Before going to Mexico City, a friend reminded me to get a bottle of tequila from its birthland. This friend, like most regular drinkers, regards tequila the national tipple of Mexico. But lesser known to them is the rustic, smokier cousin called the mezcal that has taken Mexican city dwellers by the storm in recent years.

Mezcal traces back to the Hispanic period when native agave plant met Spanish’s age-old distillation know-how. But the drink had been considered a poor man’s quaff produced in backward villages. It was also deemed too potent and unrefined for hotels’ liquor menu. Today, because the Mexican government granted it the appellation of origin in the mid 1990s, and the new appreciation for handcrafted, small-batch products, mezcal can stand on its own merits. Along any hip and trendy boulevards in the capital, one can easily spot a bar that specializes in mezcal.

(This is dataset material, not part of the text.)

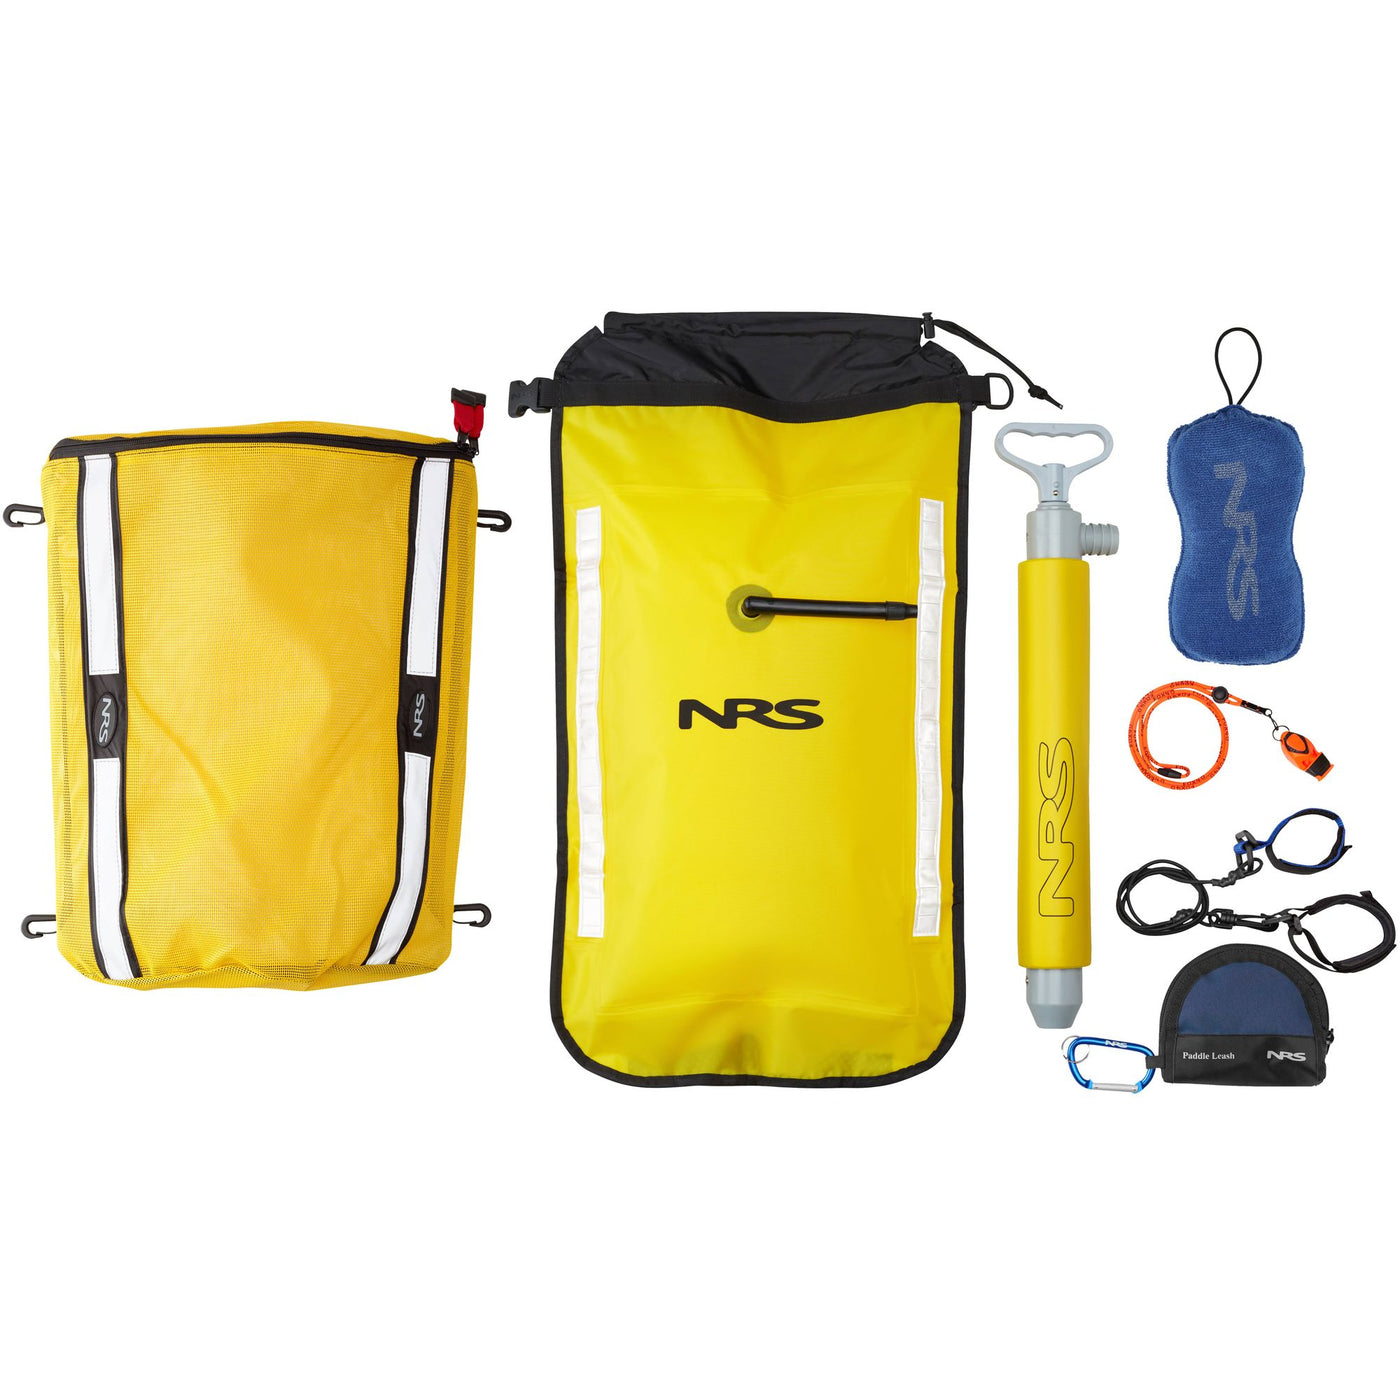 NRS Deluxe Touring Safety Kit, sikkerhetspakke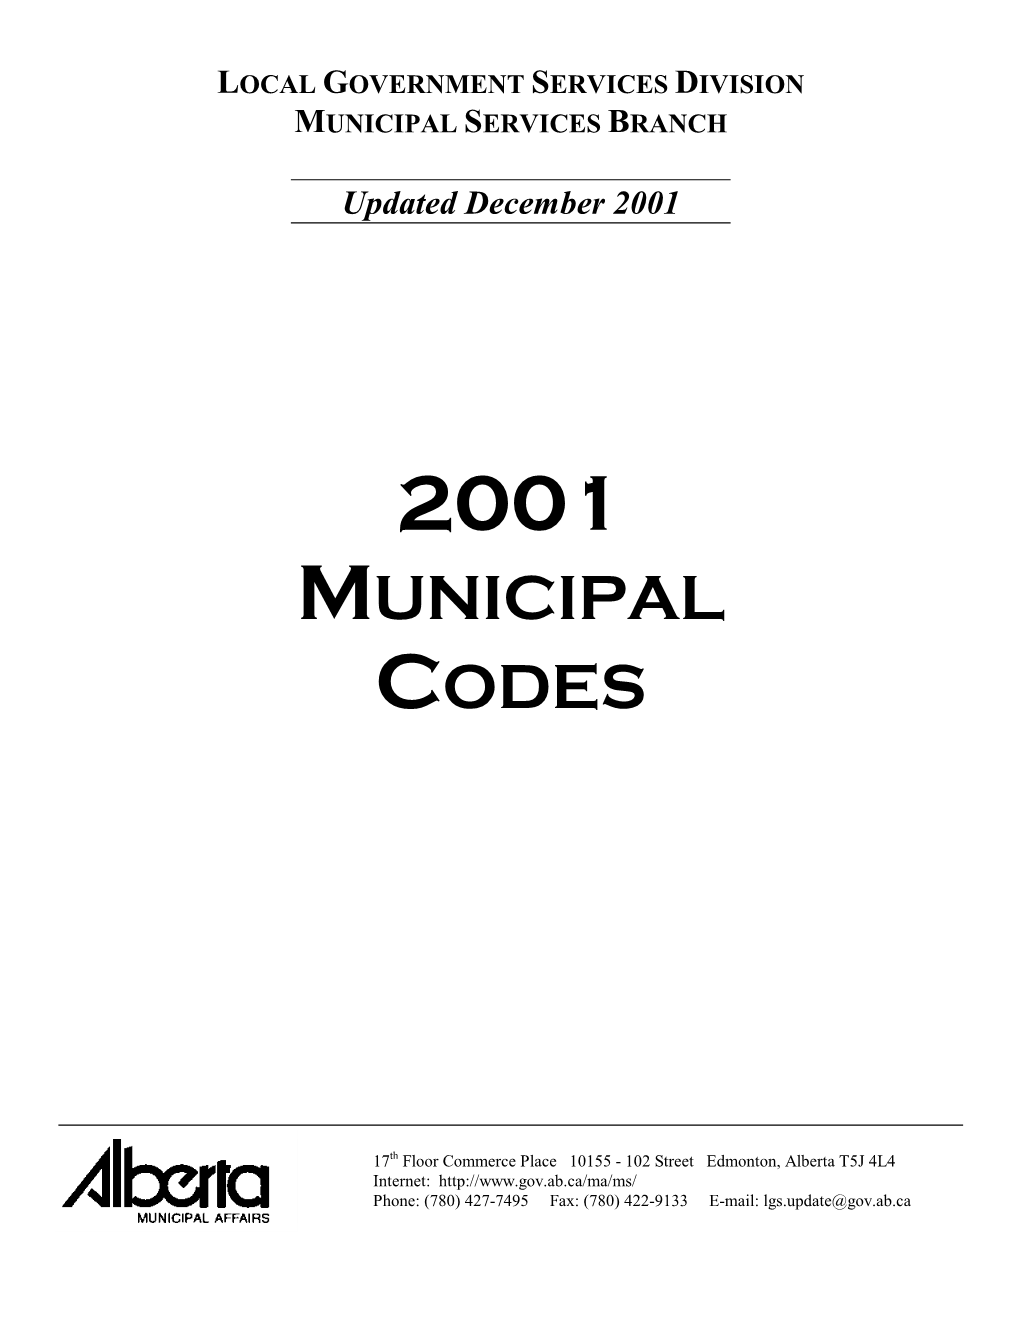 2001 Municipal Codes

I found El Palenquito in an Art Nouveau neighborhood called Colonia Roma, the place to live for famous artists and politicians up until the 1940s. The bar wears a rustic tavern look with dangling roof tiles, 100-year-old adobes, and a massive stone wheel used to crash harvested agave. Its owner, Aláu Ibarra Espriu, owns three mezcal bars in the city, but only El Palenquito devotes its entire menu to one producer.